### Input data
::::

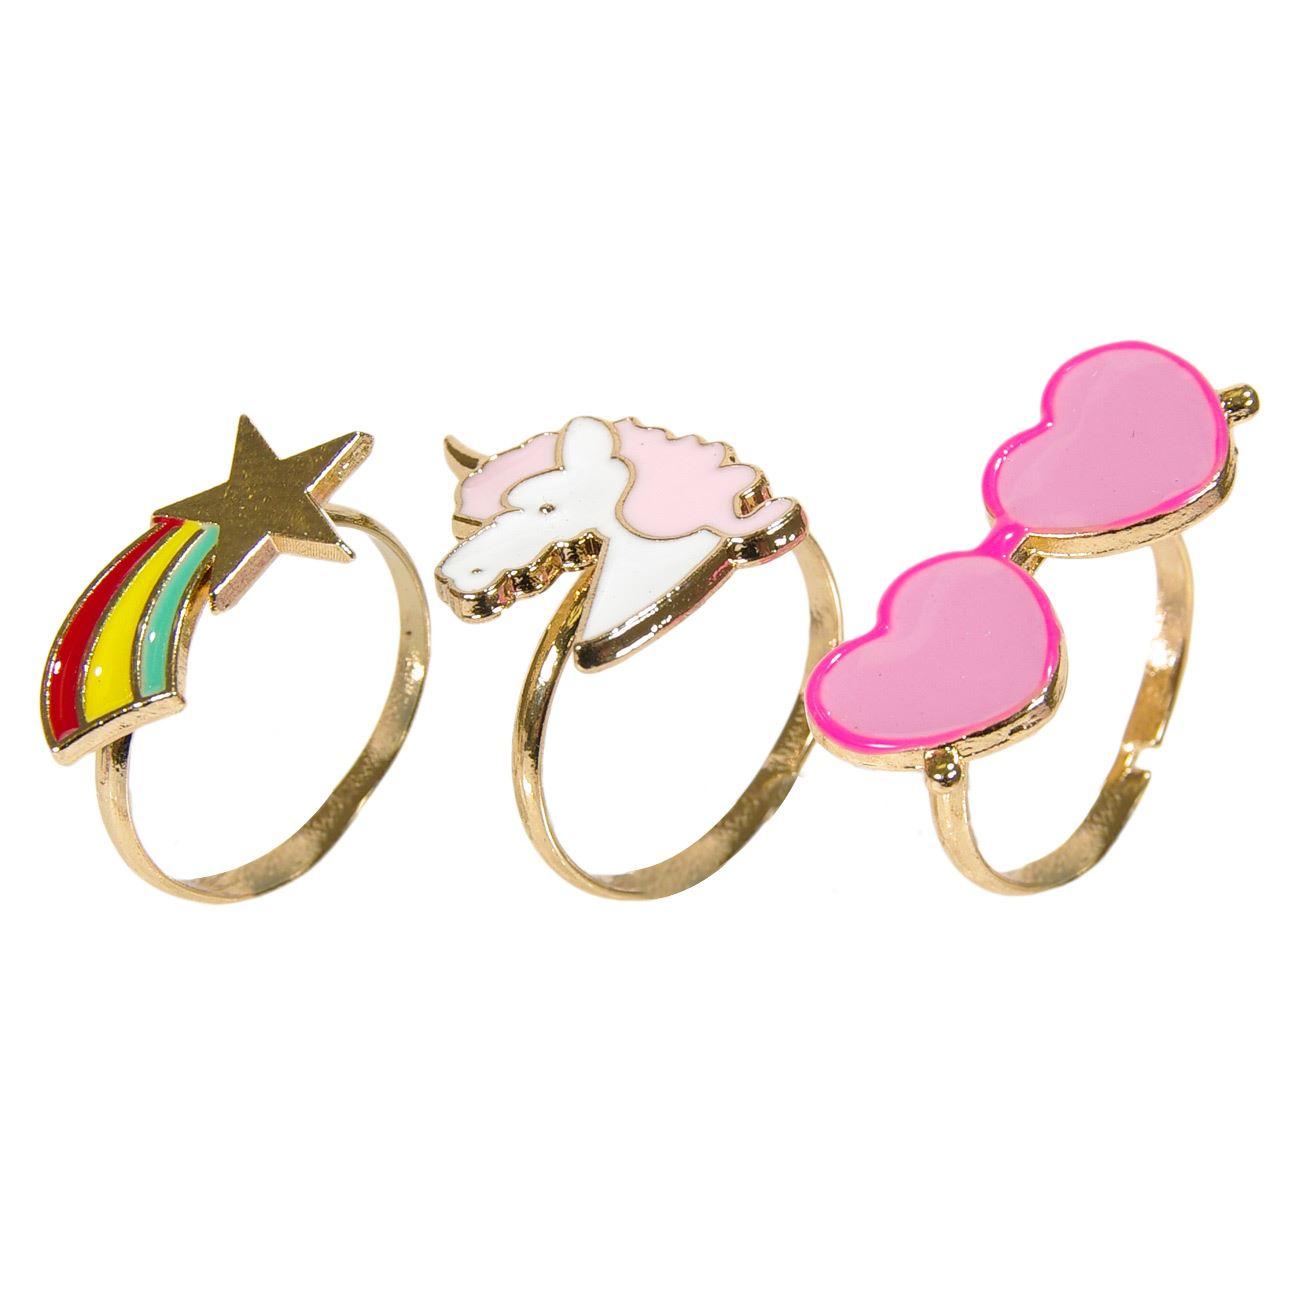 1b10aa1f737 Δαχτυλίδια Παιδικά Γυαλιά Καρδιές Αστέρι Μονόκερος - 3 τμχ.
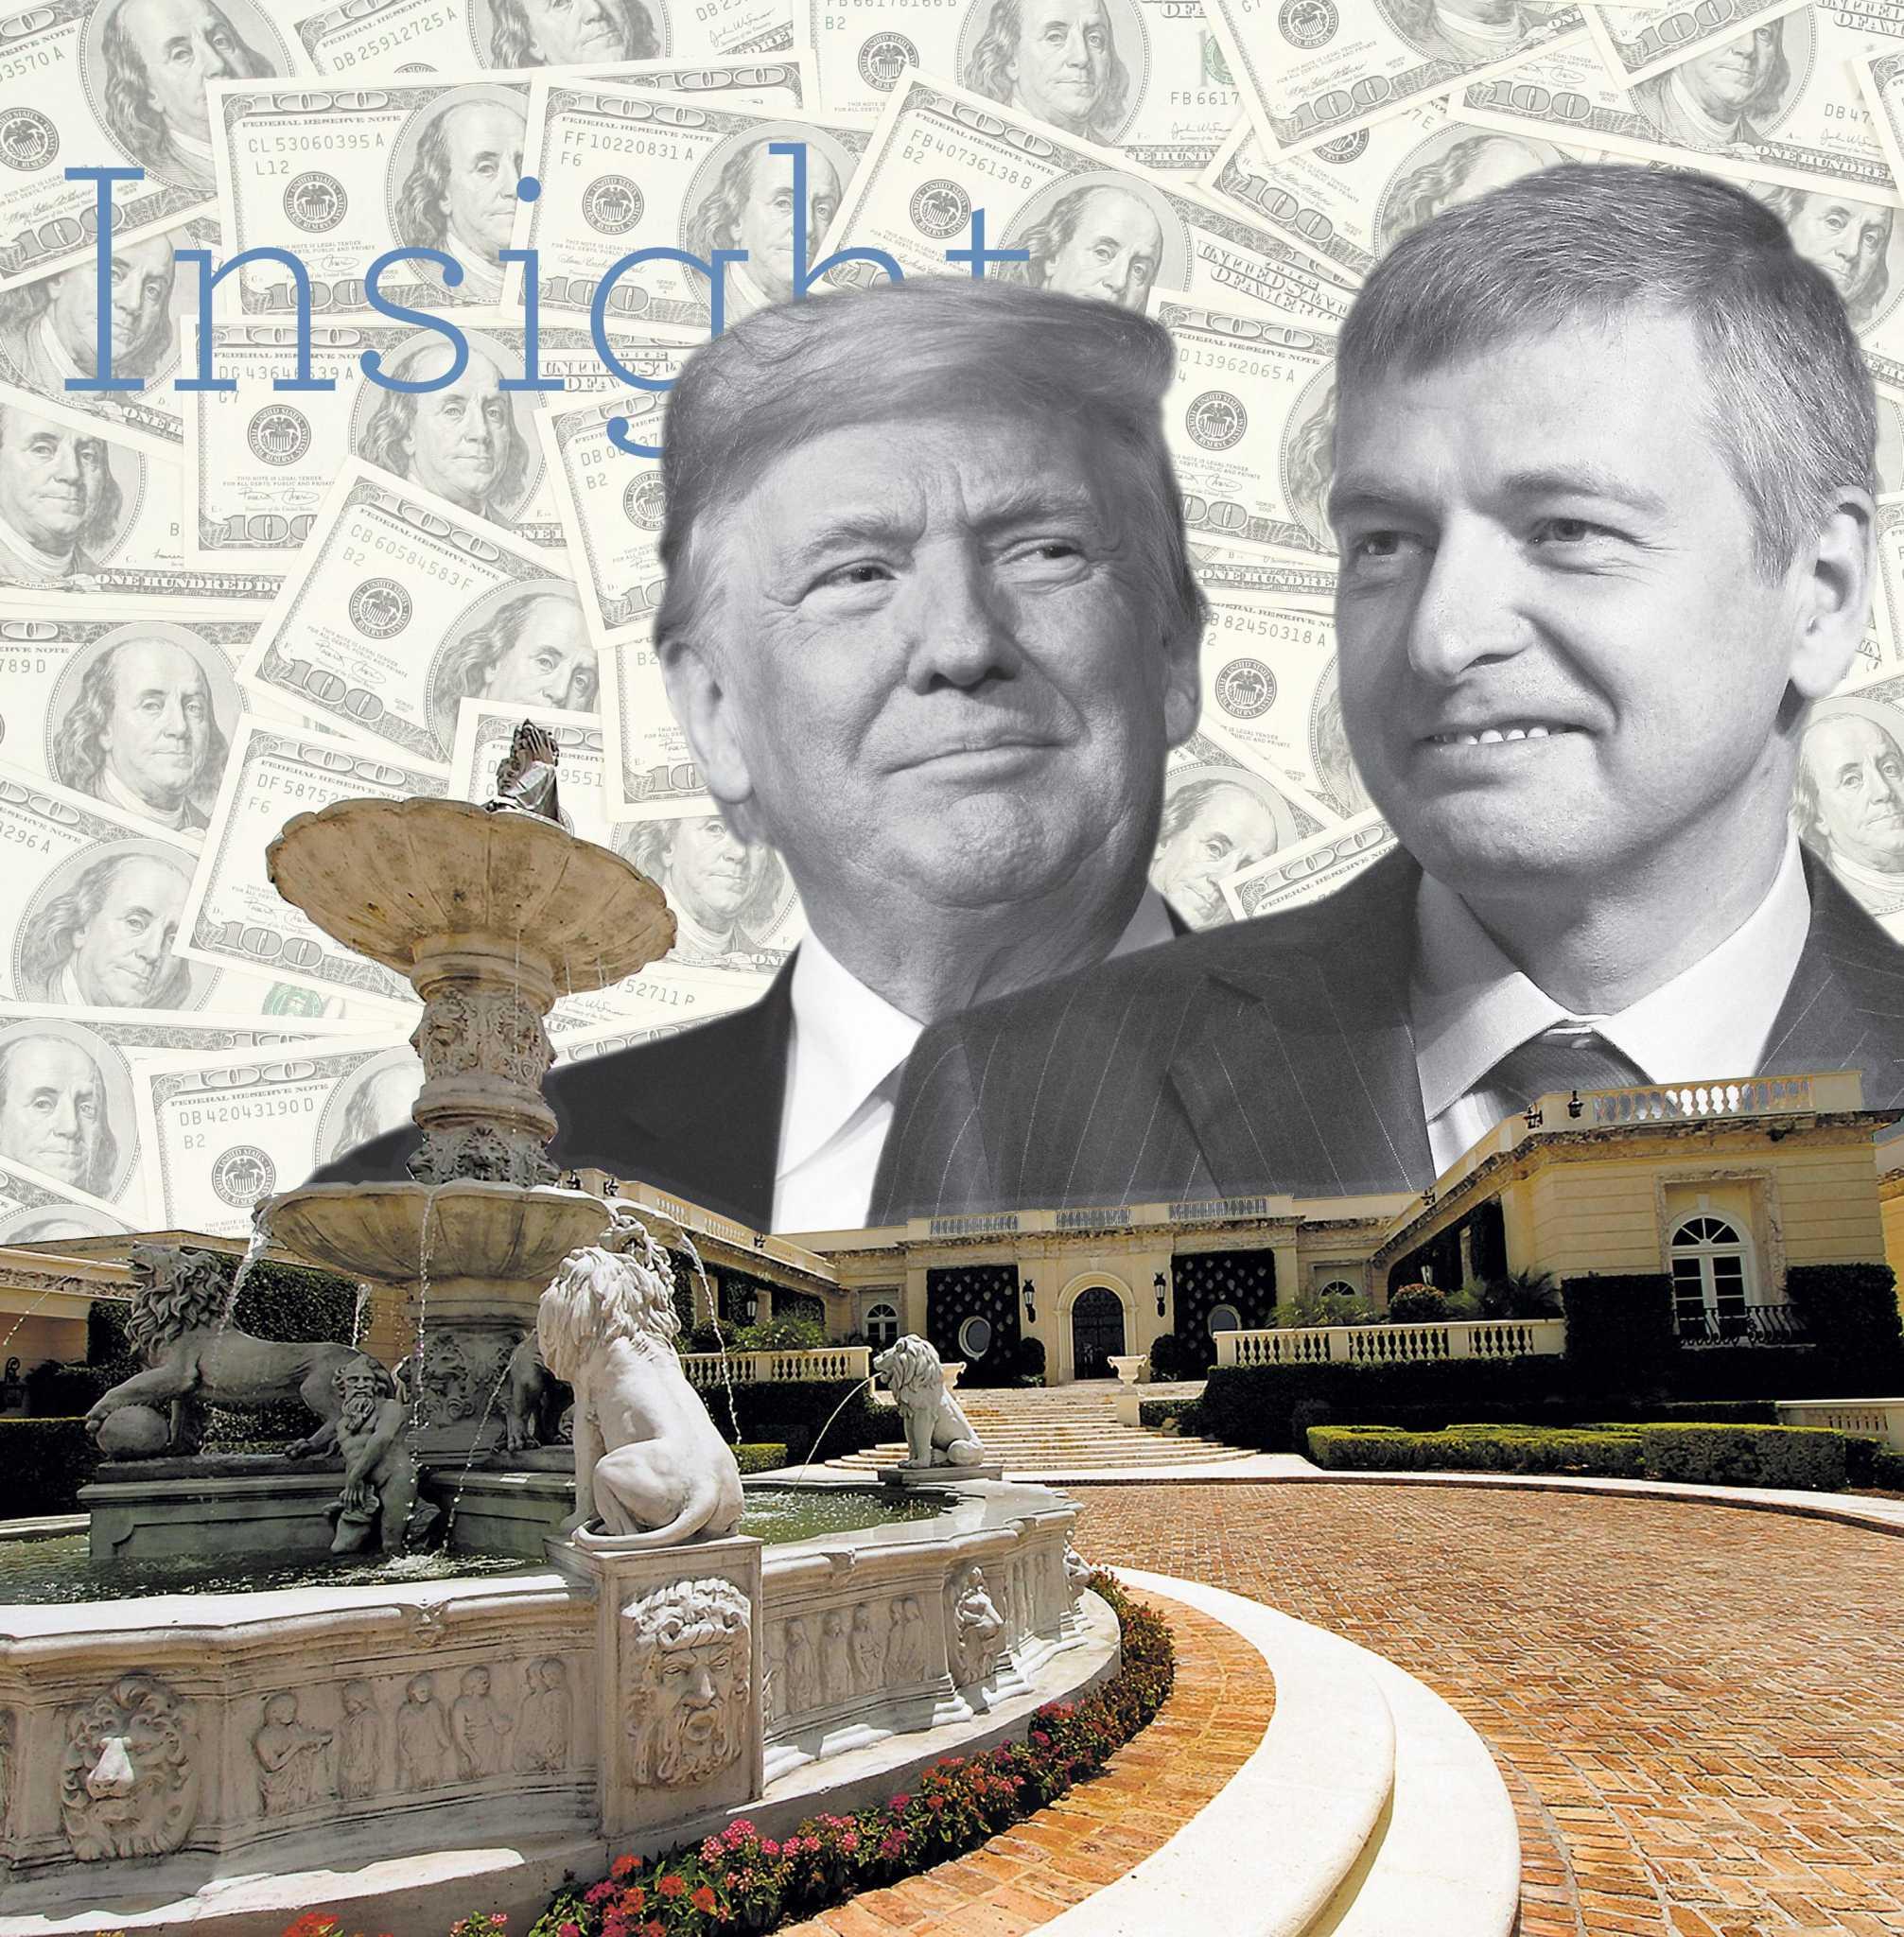 Current Status: Strange real estate deal raises specter of Putin buying Trump
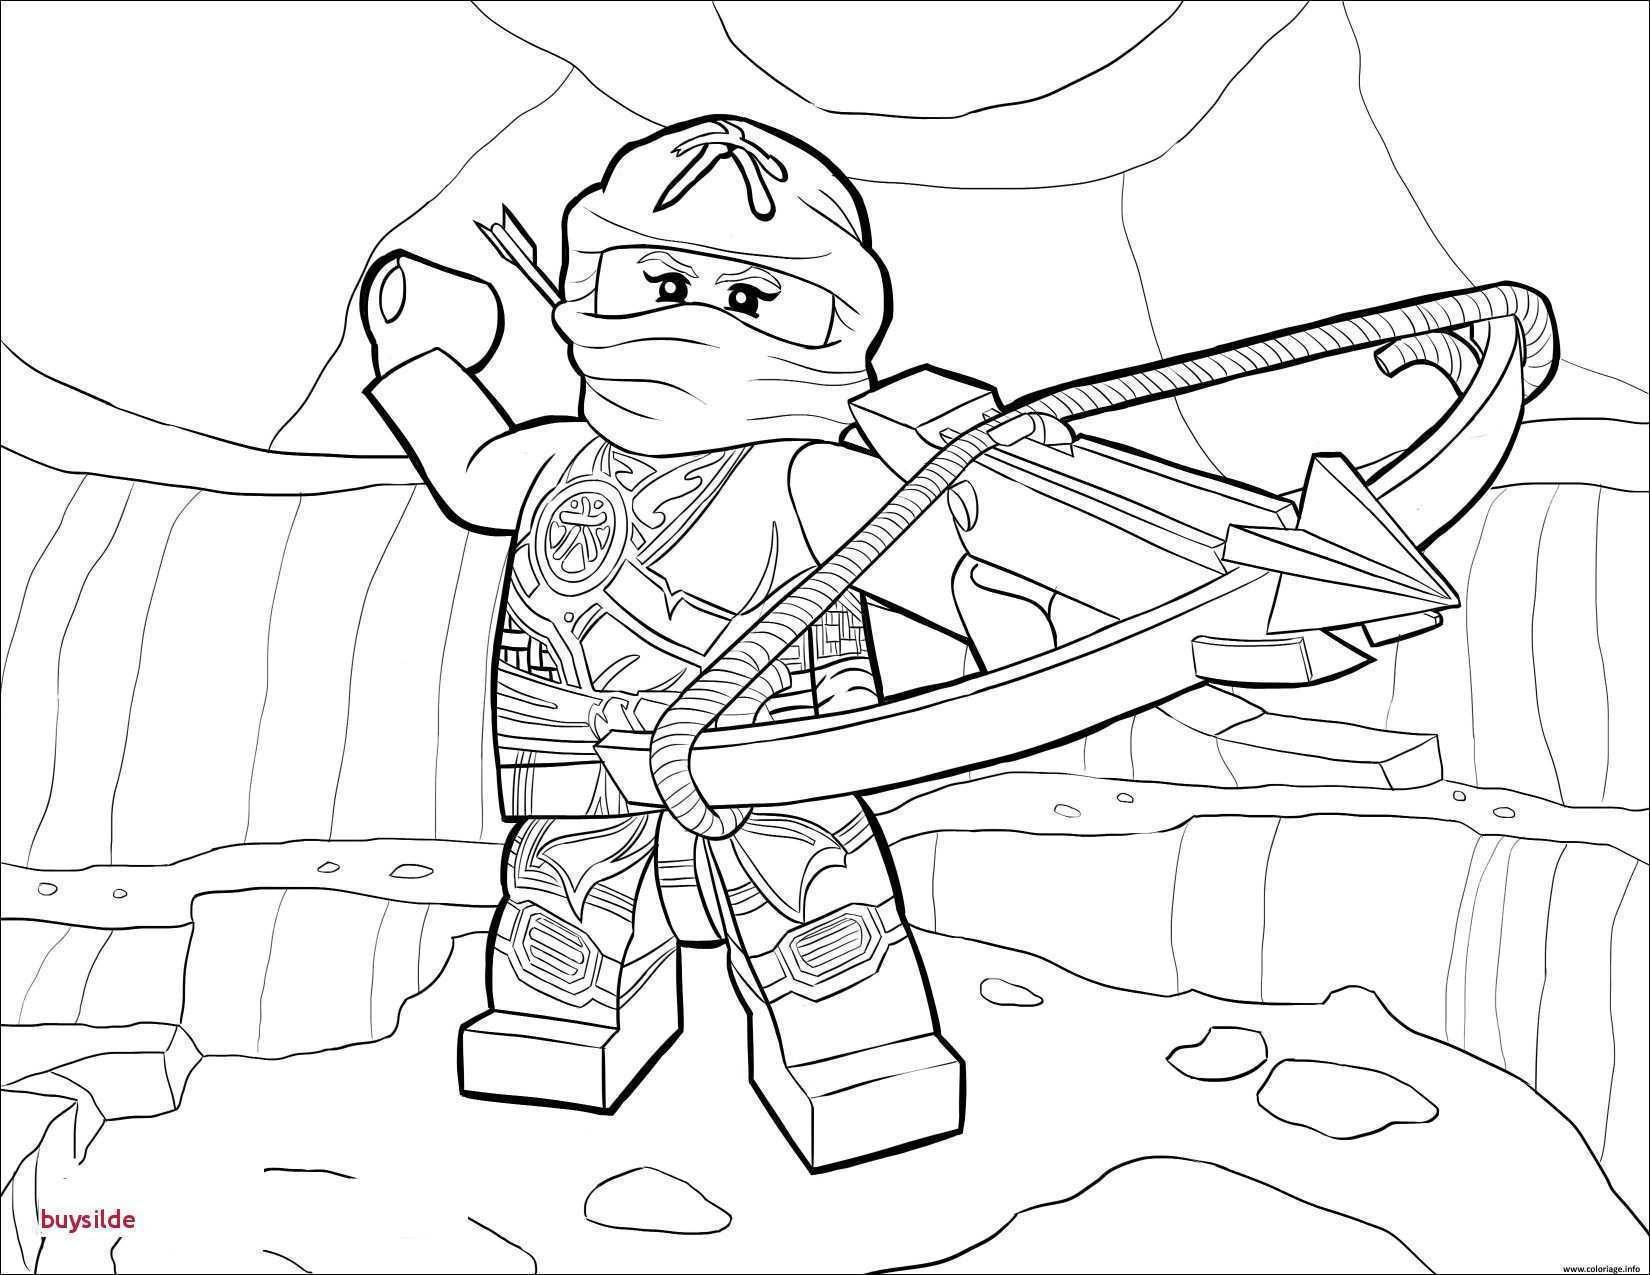 Ausmalbilder Ninja Turtles Neu Ausmalbild Ninja Turtles Bildnis Malvorlagen Igel Frisch Igel Sammlung

::::

### Activity
What you output must match the data exactly, apart from the pictures, which are left out.

### Exercise response
 1b10aa1f737 Δαχτυλίδια Παιδικά Γυαλιά Καρδιές Αστέρι Μονόκερος - 3 τμχ.
 Current Status: Strange real estate deal raises specter of Putin buying Trump
 Ausmalbilder Ninja Turtles Neu Ausmalbild Ninja Turtles Bildnis Malvorlagen Igel Frisch Igel Sammlung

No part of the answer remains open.